Ekelraupen am Twerl-Weg

In Strodehne gibt es Straßenzüge, wo Eichenprozessionsspinnerraupen Menschen und Bäume gefährden.

Norbert Steins Artikel zum Eichenprozessionsspinner und seine Fotos sind in der MAZ vom23. Juni 2016 zu sehen. Eine Lösung ist kaum in Sicht. Wenn es um Bäume geht, muss in Generationen gedacht werden.  Bei Eichen wird die Lebenszeit in Jahrhunderten gemessen.

Eine mechanische Bearbeitung, das Absaugen der Raupen, wird somit zu einem sehr aufwändigen Verfahren. Das Sprühen von Gift scheidet aus, weil es nicht nur den Spinner schädigt, sondern das gesamte Ökosystem einschließlich der Menschen. Was bleibt? Abwarten und Tee trinken? Vielleicht Abwarten, Tee und Kaffee trinken und andere gut an den Klimawandel angepasste und schädlingsresistente Bäume pflanzen?

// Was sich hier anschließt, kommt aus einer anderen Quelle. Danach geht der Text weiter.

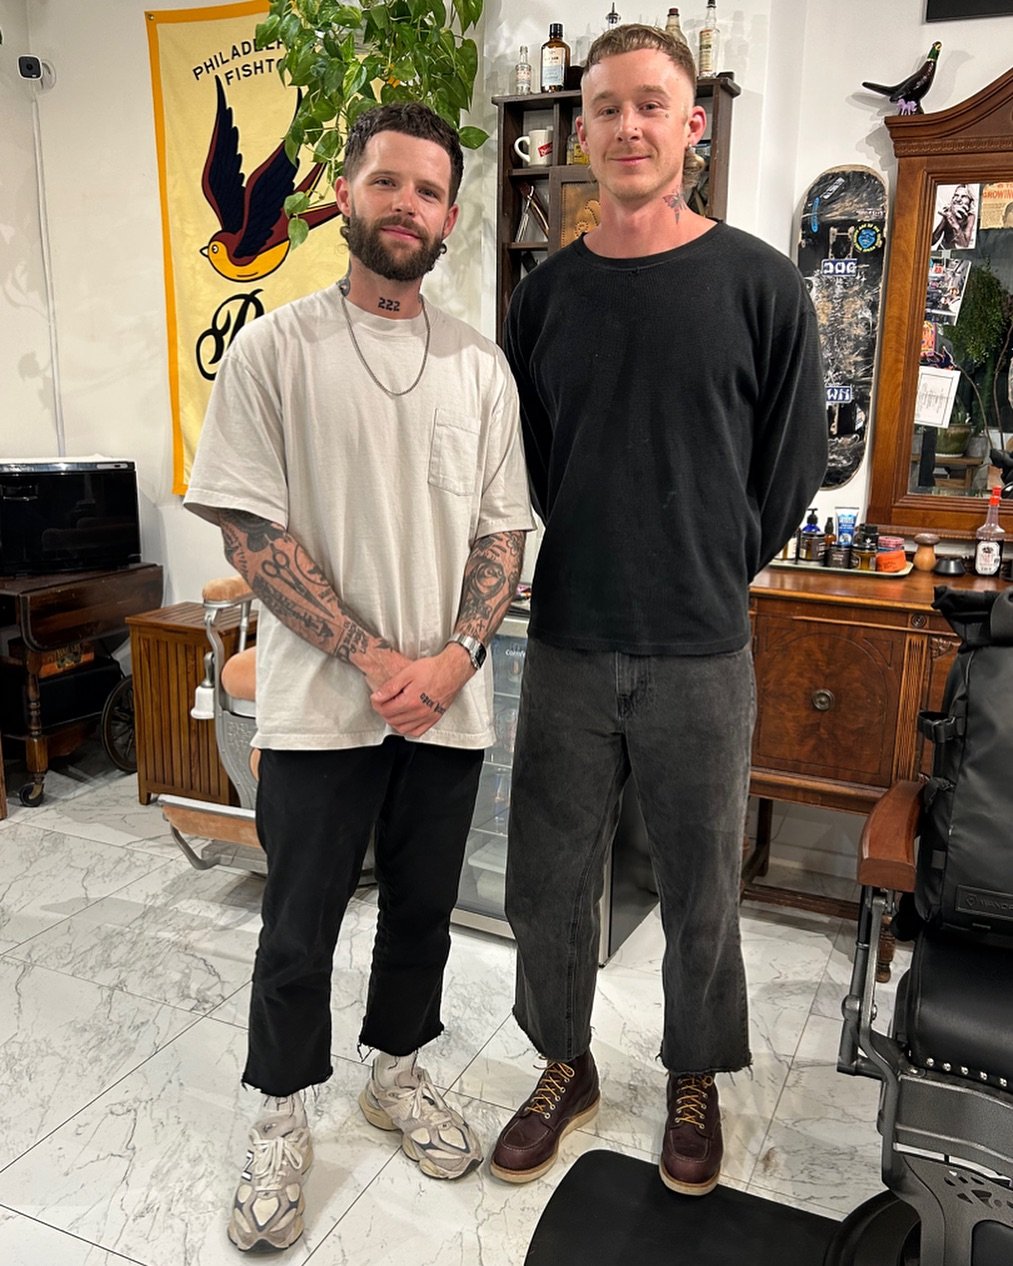 These 2 lovely humans made the vibe here so spectacular last night. @robertcwatkins of @themailroombarber gave @mitchellcuts_19 a siiick style while educating some of the best and hungry to learn barbers we have in Philly (and some from outside PA to

Natürliche Feinde des Eichen-Prozessionsspinners sind Wanzen, Schlupfwespen, Raupenfliegen, der Kuckuck und räuberische Käfer wie zum Beispiel der Puppenräuber meint Wikipedia. Der Prozessionsspinner kann sich auch deswegen so ausbreiten, weil die Feinde des Spinners von uns Menschen längst weggespritzt wurden oder ihnen auf andere menschliche Art die Lebensgrundlage entzogen wurde. Artenvielfalt erhalten und wo möglich wieder schaffen ist das Gebot der Natur. Wenn die Menschen das nicht machen werden sie sich damit eigenhändig abschaffen. Der Eichenprozessionsspinner hat das Zeug uns zu überleben. In Dimensionen der Natur gedacht, schaffen wir uns, die Menschheit, durch Spritzen mit Insektizieden ab. Biodiversität bedeutet Artenvielfalt und ist eine der existenziellen Grundlagen für das Funktionieren der Natur!